Cope's enthusiasm is infectious, though it can be hard to keep up with his stream-of-consciousness chatter. Over the course of a few minutes, his conversation zig-zags from environmentalism ("the art of making people feel guilty") via the 1960s balladeer Scott Walker ("a true existentialist") to Christianity and the occult. Even in his present incarnation as an academic, Cope's approach to his work remains gloriously unorthodox. Delivering a lecture at the British Museum on the Norse god Odin in Christian Symbolism in 2001, he appeared in multi-coloured face-paint, combat clothing and five-inch platform shoes. Yet, rather than being greeted with suspicion, Cope was surprised to find himself welcomed by the archaeological establishment.

"I reckon the fact that I'm a rock 'n' roller makes me acceptable, because everyone wants to be a rock 'n' roller," he ponders. "But I also think the world judges you by your actions. If people think that you mean it, and there's evidence that you're actually out there doing it, they're not churlish about it. I travel huge amounts. I go to the places that a lot of archaeologists don't see the point in visiting, because they think there's nothing to see. I've become good mates with the archaeologist Aubrey Burl who is 78 and writes these big old tomes with names like Stone Circles of the British Isles. Old guys like him are fed up of dealing with the local new ager who witters on about ley lines and the solstice. I'm not saying "I'm into stone circles, therefore I'm into crop circles." They can see I'm taking it seriously."

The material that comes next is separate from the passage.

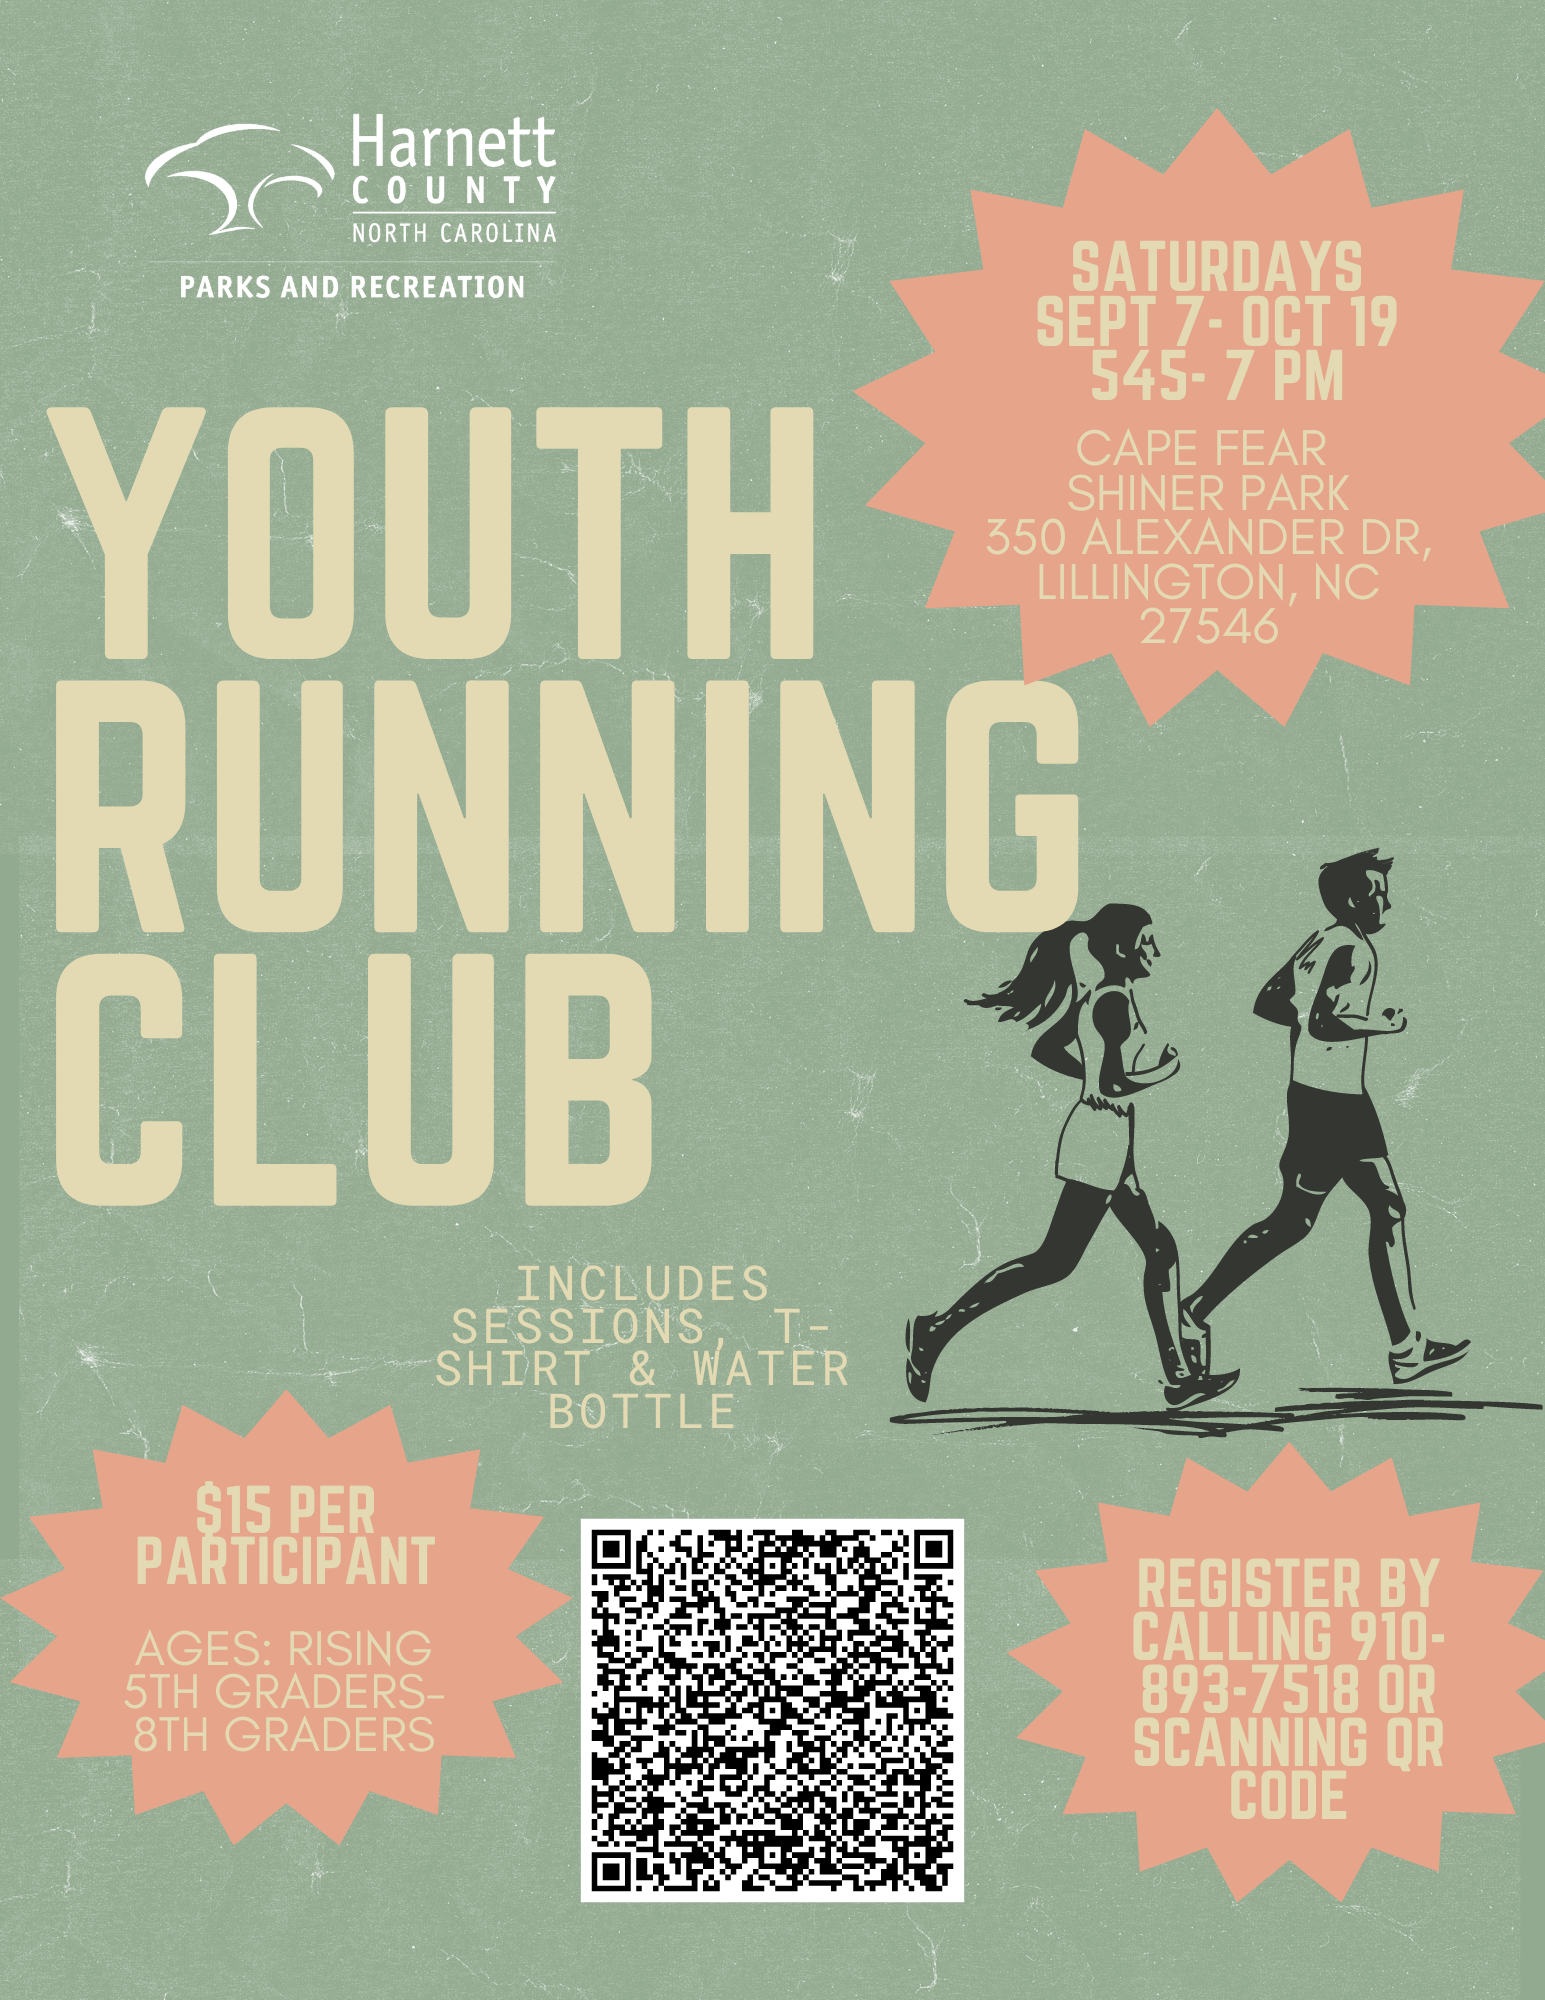 Harnett County Youth Running Club

Though Cope admits he's unlikely to write another hit song, he continues to make music. As well as releasing records under his own name, he's also winning over new fans with his "ambient-metal" group LAMF.

Another work-in-progress is Let Me Speak To The Driver, a "language and landscape encyclopaedia of pre-Christian history" in which he hopes to observe further the parallels between past and present.

"I try to inform what I do with a vivacious extraness," he says. "I want to make it appealing, to make people feel that their human side is being celebrated. Pre-history can be cool. It isn't all morris dancing and hoedowns and Tony Robinson standing in the rain in his cagoule. To me, that could never be interesting. I like to think of myself as the conduit between the place and the person who goes to it. At the very least, I want people to think "Cope's been here. Let's go and have a look"."